In einer eiskalten Nacht - etwa einen Monat vor Beginn der Ballsaison - betrat eine Gruppe sportlicher junger Gentlemen das Etablissement. Eigentlich hatten sie vorübergehend die Spielhölle gegen die Salons und Ballsäle von Mayfair eingetauscht, wo sie sich zur Abwechslung auf gesellschaftlich akzeptierte Weise vergnügen wollten. Aber dort waren sie mit dem süßen Lächeln und dem inständigsten Flehen junger Damen überredet worden, ihnen diese Spielhölle zu zeigen.

Den jungen Damen diesen Wunsch zu erfüllen, war nicht ohne Risiko für ihren Ruf. Aber jung, rücksichtslos und zu jedem Spaß aufgelegt, wie sie nun einmal waren, kamen sie der Bitte gerne nach. Es verstieß zudem gegen die Regeln des Etablissements, Frauen mitzubringen, doch davon ließen sie sich genauso wenig abschrecken. Auch die anderen Risiken für die jungen Damen wie Unglücksfälle oder Verbrechen kamen ihnen kaum in den Sinn. Für sie war das Ganze ein kleines Abenteuer im ansonsten trostlosen Winterhalbjahr.

In eben dieser Spielhölle in Southwark traf George Easton zum ersten Mal auf Miss Honor Cabot, eine Debütantin dieser Saison.

Der Aufruhr um die Ankunft der jungen Hitzköpfe und ihrer Eroberungen war ihm zunächst überhaupt nicht aufgefallen. Dabei waren sie ganz erfüllt von ihrem Wagemut und vom Stolz darauf, dass es ihnen gelungen war, den Türsteher dazu zu bringen, sie hereinzulassen. Georges Aufmerksamkeit war vom Kartenspiel gefangen gewesen, in dem er gerade dabei war, dem notorischen Spieler Charles Rutherford dreißig Pfund abzunehmen. Ihm war nicht einmal aufgefallen, dass etwas nicht in Ordnung war, bis Rutherford sagte: "Was zum Teufel soll das denn?"

Dann erst fiel sein Blick auf die jungen Damen, die in der Mitte des Raumes standen und herumflatterten und die Köpfe reckten wie ein Schwarm Vögel. Die Kapuzen ihrer Umhänge rahmten ihre hübschen Gesichter ein, mit ihrem Gekicher steckten sie sich immer wieder gegenseitig an. Neugierig blickten sie die Männer an, die sie im Gegenzug ansahen wie eine Herde guter Pferde auf dem Viehmarkt.

"Zur Hölle", murmelte George.

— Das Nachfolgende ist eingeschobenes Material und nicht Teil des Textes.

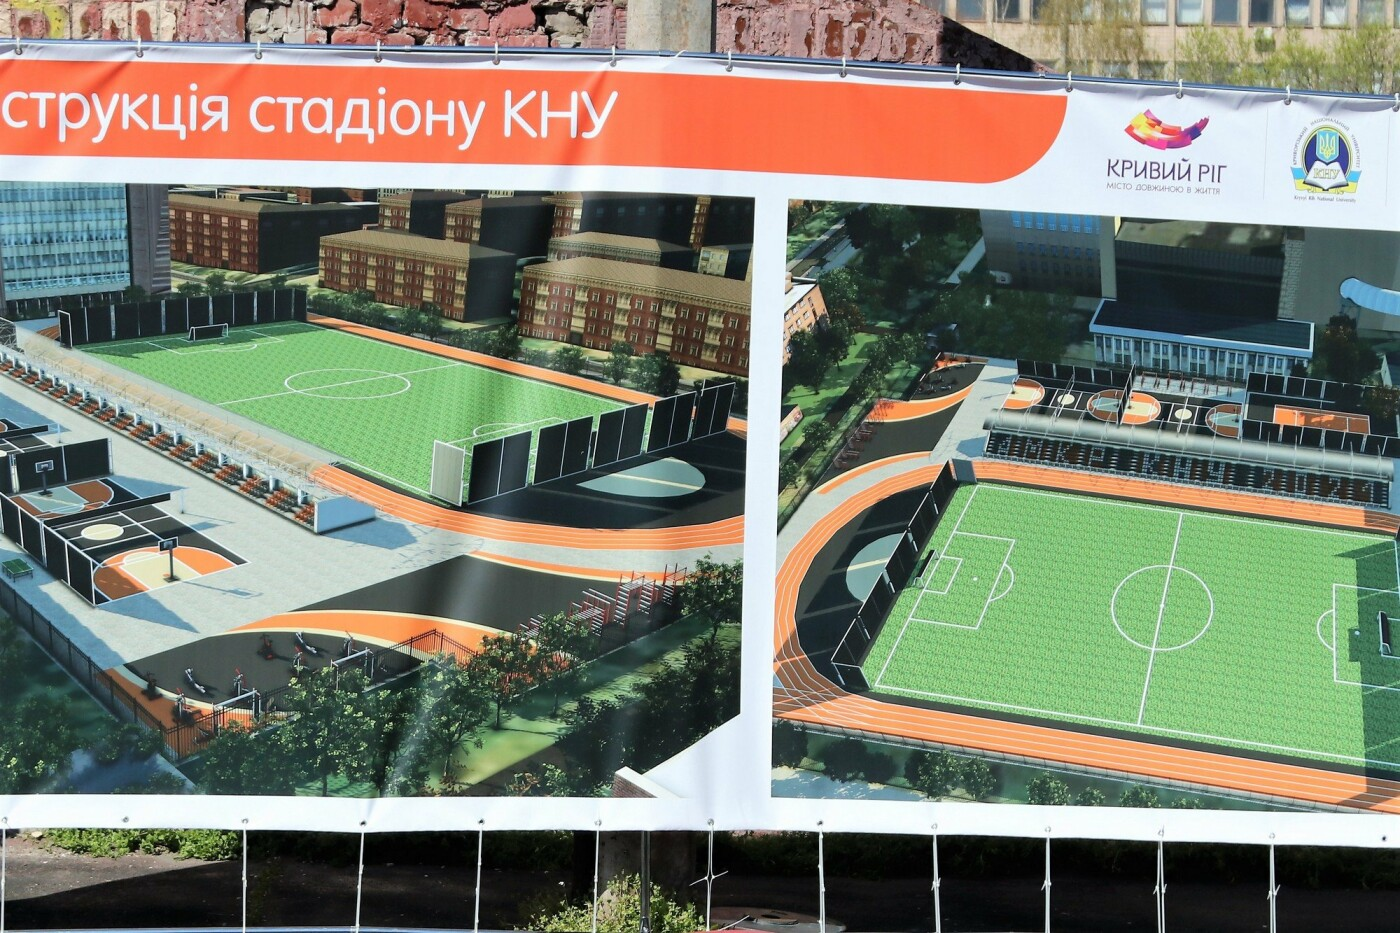 К. Павлов: в Кривому Розі буде побудований фактично новий стадіон КНУ, фото-1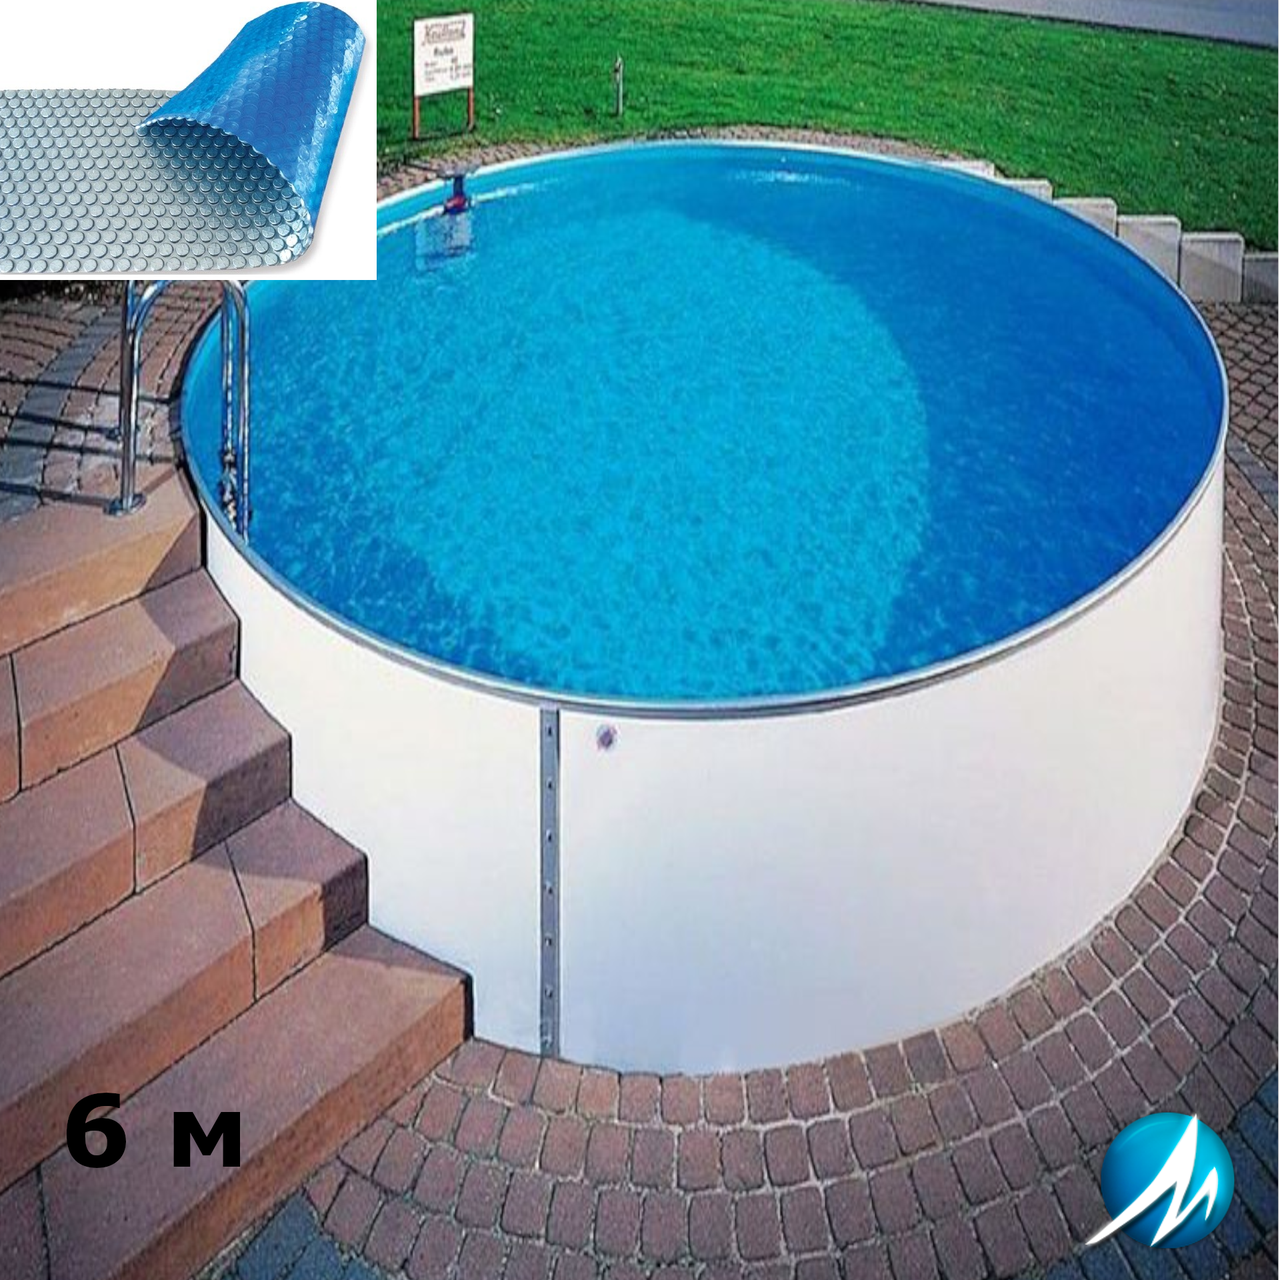 Солярное накрытие для сборного круглого бассейна 6 м

Als er seine Karten niederlegte, stand Rutherford auf und schubste dabei unsanft das Mädchen zu Boden, das auf seinem Schoß gesessen hatte.

"Was in drei Teufels Namen wollen die denn hier?", wollte Rutherford wissen. Er sah sie aus zusammengekniffenen Augen an. "Das ist doch vollkommen verantwortungslos. Sehen Sie mich an!", polterte er laut. "Das ist ganz und gar unmöglich! Die Damen müssen sofort wieder gehen!"

Die drei jungen Gentlemen, auf deren Konto dieses Abenteuer ging, sahen einander betreten an. Der kleinste von ihnen reckte schließlich das Kinn, um seinen Worten Nachdruck zu verleihen. "Die Damen haben das gleiche Recht, hier zu sein, wie Sie, Sir!"